The difference is the stage of their marriage. When she cheated, her H and she were presumably in a fully-charged relationship. presuming his thoughts, he may have been able to weather a lot of crap back then.

She tossed a lot of crap in the ensuring years.

Both are drained from the experience of her betrayal.

If he is indeed cheating, it sounds like revenge.

Both of them are not in a fully-charged marriage.

So, presuming her thoughts, she doesn't see it worth it to continue, despite her having started this whole mess.

Because he has been long-suffering, she is to be also?

I'm not defending any cheating, clearly it is wrong.

I know from my own personal life that staying in a bad marriage just because further whipping can be done, is not a good way to live--even if you get to hold the whip.


----------



## GusPolinski

farsidejunky said:


> Assuming this is real...


See, that's the thing...



farsidejunky said:


> ...she just freaking found out. How about some empathy?


Well, you're not wrong. And, as you say, if this is real, then I do feel sort of badly for OP. Seriously.

As I've already mentioned, much of what I posted in my initial replies to this thread were basically nothing more than me "kneading the dough". Some people really do need that.

But let's be real here... this isn't a situation where the monkey can't free his arm from a knot in a tree because he doesn't have the sense to let go of the chunk of salt that he's firmly gripping in his entrapped hand. 

Or Hell... maybe it is.



farsidejunky said:


> I understand most of the negativity is from triggering, but really???


Eh... I don't think so.

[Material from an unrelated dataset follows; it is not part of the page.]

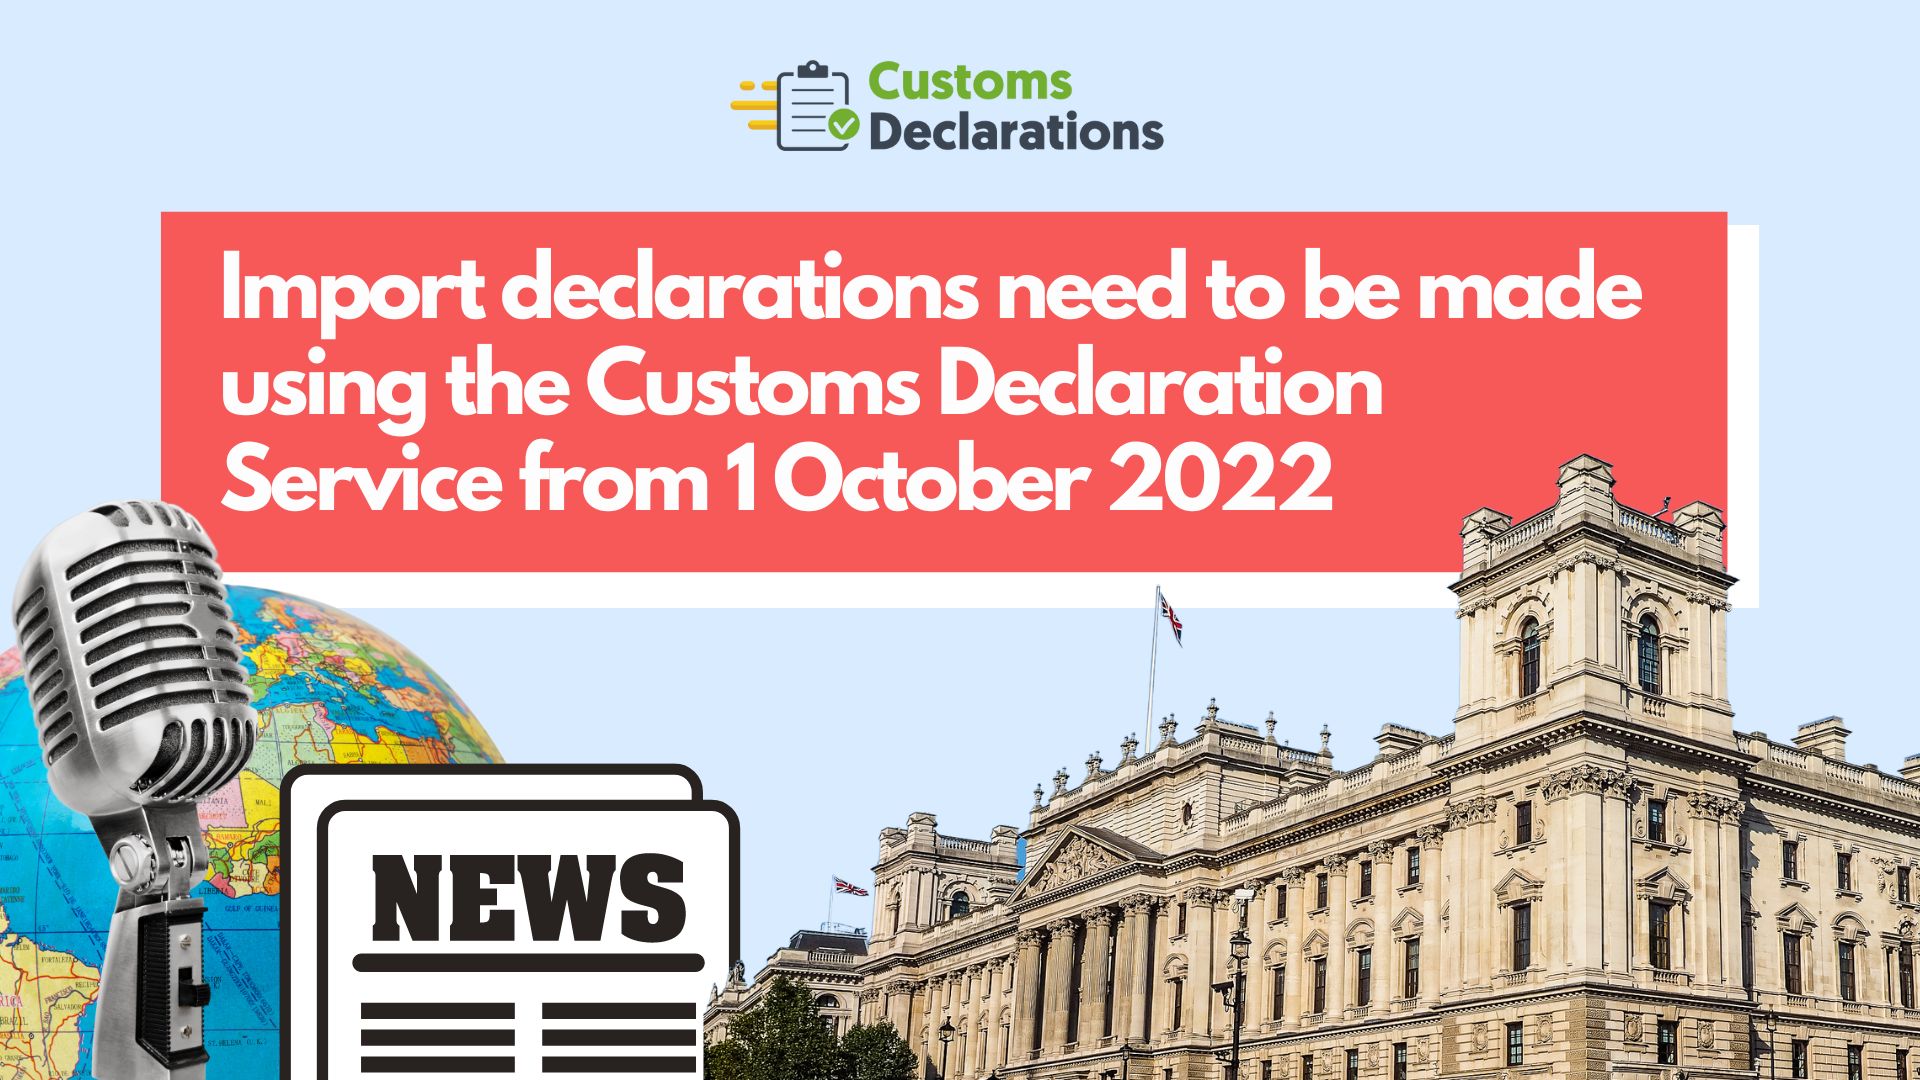 Import declarations need to be made using the Customs Declaration Service from 1 October 2022
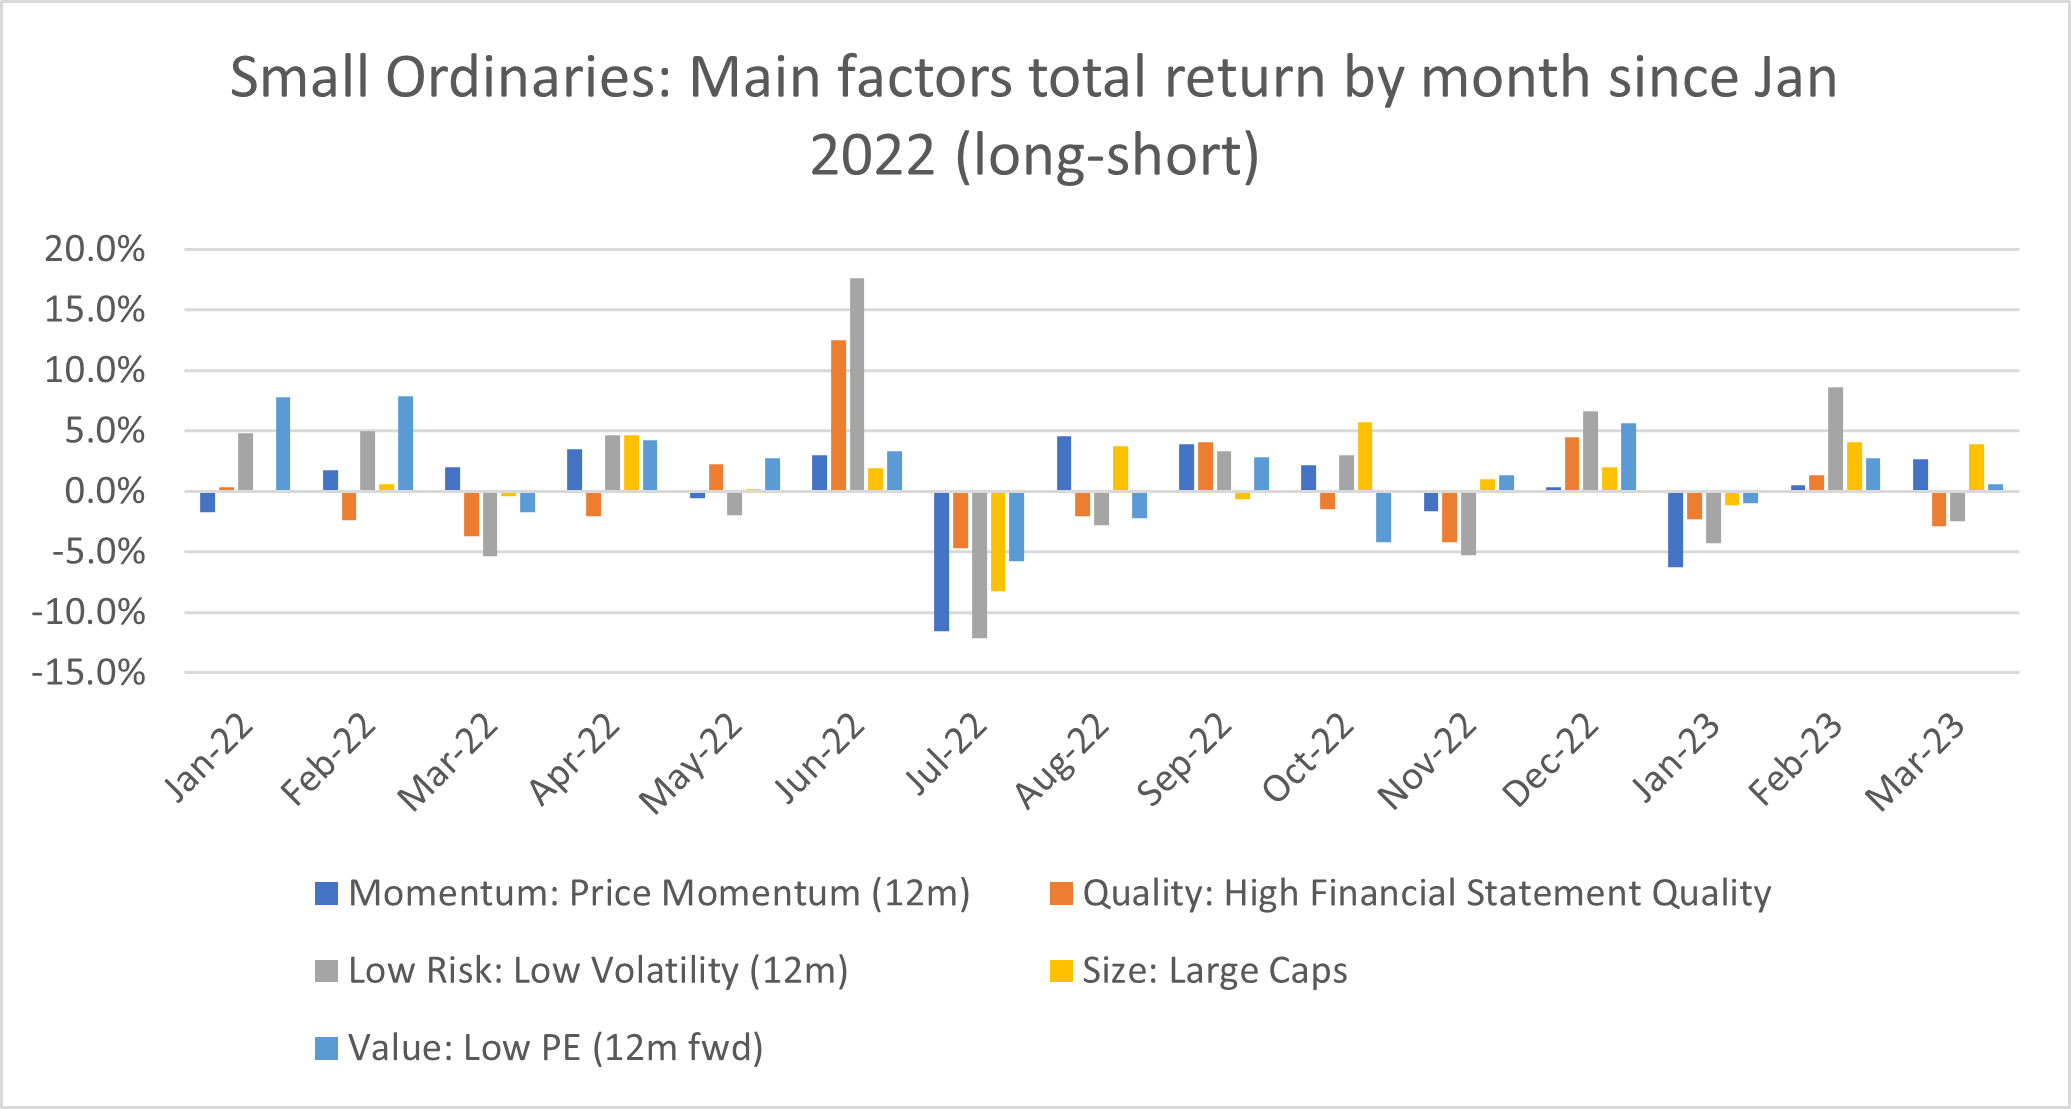 Small-Ordinaries-Main-factors-total-return-by-month-since-Jan-2022

That notion seems to be thrown around here quite a bit. And, while it may be true for some, I've _always_ loathed infidelity... even before I experienced it within my own marriage.


----------



## Jambri

Had a feeling this might be fake.....now I'm sure of it


----------



## Squeakr

michzz said:


> The difference is the stage of their marriage. When she cheated, her H and she were presumably in a fully-charged relationship. presuming his thoughts, he may have been able to weather a lot of crap back then.
> 
> She tossed a lot of crap in the ensuring years.
> 
> Both are drained from the experience of her betrayal.
> 
> If he is indeed cheating, it sounds like revenge.
> 
> Both of them are not in a fully-charged marriage.
> 
> So, presuming her thoughts, she doesn't see it worth it to continue, despite her having started this whole mess.
> 
> Because he has been long-suffering, she is to be also?
> 
> I'm not defending any cheating, clearly it is wrong.
> 
> I know from my own personal life that staying in a bad marriage just because further whipping can be done, is not a good way to live--even if you get to hold the whip.


Doesn't sound like revenge to me (especially after 2 years), but the actions of someone that is distraught, lost, and feels little connection to their spouse after years of trying. I am not defending his actions (which may or may not be an A, as we don't know what is in the emails) as I see no defense for an A.

I am not saying she should stay, but she should be willing to work on things. She in the beginning of the thread was so "into" the marriage when things were going in her favor.

She started out stating that she felt he was the "dream" guy and her soul mate and she needed to make this M work at all costs as they were meant to be together. So she was fully charged in this M as I see it. He, as it sounds, is at one point possibly but is not now. If she was sneaking around and cheating on him, trying to get the OM to leave his wife and family, how can you say that she was fully charged in the relationship in the beginning (*sounds about as vested in it as he is now)? 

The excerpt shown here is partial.